Crist> OK, I'll bite.

Crist> What happens when someone who is not supposed to connects to a
Crist> DHCP served network? (Besides that they are connected to the
Crist> network and are not supposed to be.)  -- Crist J. Clark
Crist> cjclark@home.com

It just lowers the bar.  To attach oneself usefully to a foreign IP
network requires some experimentation and/or packet sniffing.  On a
DHCP network, it's just plug and pray.  I suppose it's the difference
between running Linux which every script kiddie plays with vs. running 
FreeBSD (little harder) or HpUX (reasonably obscure).

I'm certainly not one to believe in security by obscurity --- not at
least against a knowledgeable attacker.  However, there is a
coorelation between the number of breakins on hosts we (Velocet)
monitor and that hosts representative population.

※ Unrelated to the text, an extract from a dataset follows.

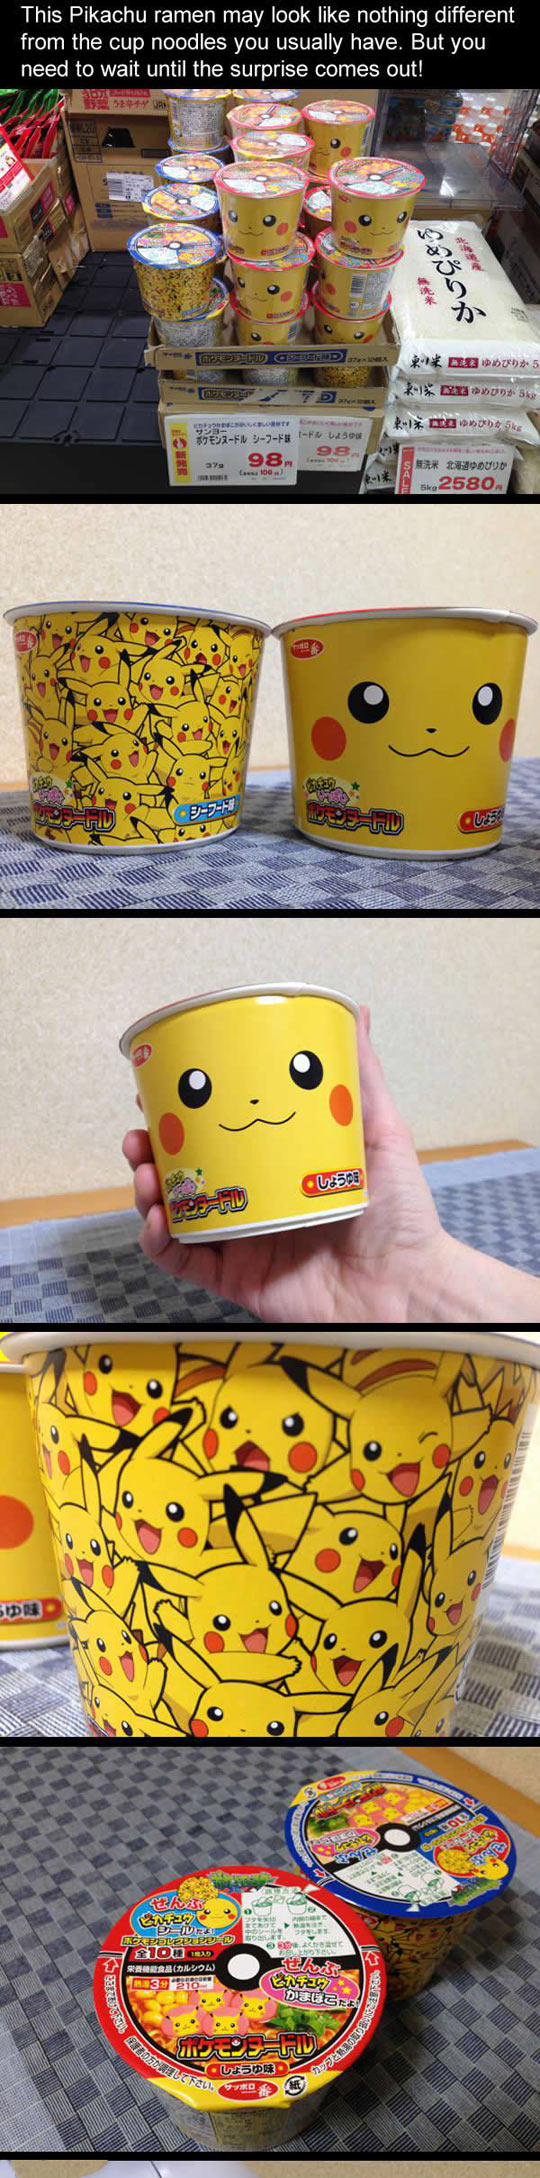 funny-noddle-Pikachu-Ramen-soup

DG/UX is likely holey as swiss cheeze, but rootshell doesn't have a
'sploit for it.

Back to the origional issue:  Joe _average_ salesman is sitting in the 
boardroom... which has a network jack.  He's left alone for 30 minutes 
for one reason or another.  He plugs in.  Without _any_ knowledge,
he's up and running.  Of course, if Joe were a hacker worth his salt,
this wouldn't be a barrier --- but the likelyhood of Joe being a
hacker is small.

I think there's a definate range of security issues --- and I think
it's rediculus for most companies to take the standard 'stance' that
they must protect themselves against all perils (why then have they
not started filtering for whatever that substance is that kills hard
drives in a week if it's in the air) on the net.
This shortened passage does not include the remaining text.